Matthew Woodley, representing the University of Alberta, noted that the university has never denied UAlberta Pro-Life permission to hold events. The U of A even released a statement at the time supporting the group’s right to free expression, he said.
Woodley said the university followed procedure when it consulted with campus security and determined the need for extra security, resulting in costs that must be borne by student groups hosting an extra-curricular event, not the university.
“The dean of students balanced the expression of views with the financial and security needs of the university,” Woodley said, noting that UAlberta Pro-Life wanted to have a large-scale, two-day event on campus. “The ideal comes with the requirement to pay the actual cost of it.”

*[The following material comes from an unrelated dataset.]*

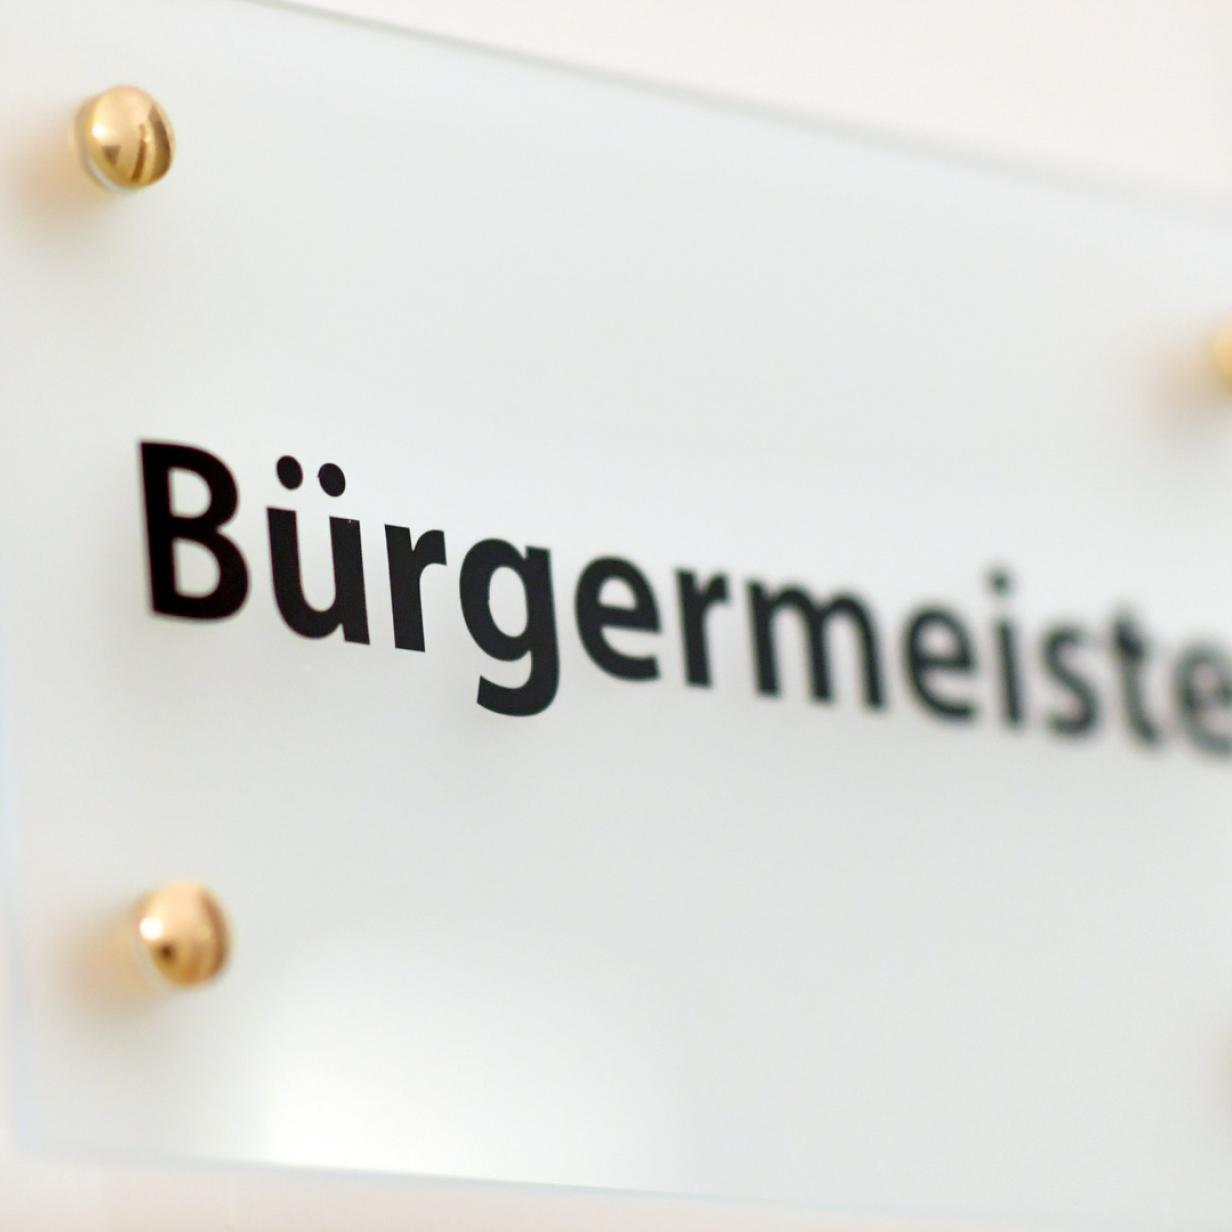 Deutsch-wagram partnersuche kreis: Eggersdorf bei graz

Cameron said the U of A acted in bad faith when it failed to pursue a complaint by UAlberta Pro-Life against the counter-protesters, and instead imposed the security fee. He said that although the views of UAlberta Pro-Life may be unpopular, they still deserve unfettered recognition on campus and there is “no more appropriate place” to have the free flow of ideas and viewpoints.
“It’s essential that we maintain that atmosphere,” Cameron said.
The B.C. Civil Liberties Association, which was granted intervenor status in the case, says charging a security fee of any amount is an infringement of the right to free expression.
“We don’t think the University of Alberta is trying to suppress a pro-life message,” said Nate Whitling, the Edmonton lawyer representing the B.C. Civil Liberties Association. However, “the security costs prohibit the event from occurring. It’s the imposition of any fee that we object to.”
Whitling noted that the B.C. Civil Liberties Association is a pro-choice group.
Nevertheless, in this case, Whitling said the U of A — acting as a government entity in this situation by providing post-secondary education — should apply any type of security fee fairly.
“If you pick and choose, then you’re suppressing ideas which are controversial. The effect is to trample out controversial ideas and dissent,” Whitling told court. “Government entities have the right to raise revenue as long as they do it in a content-neutral manner.”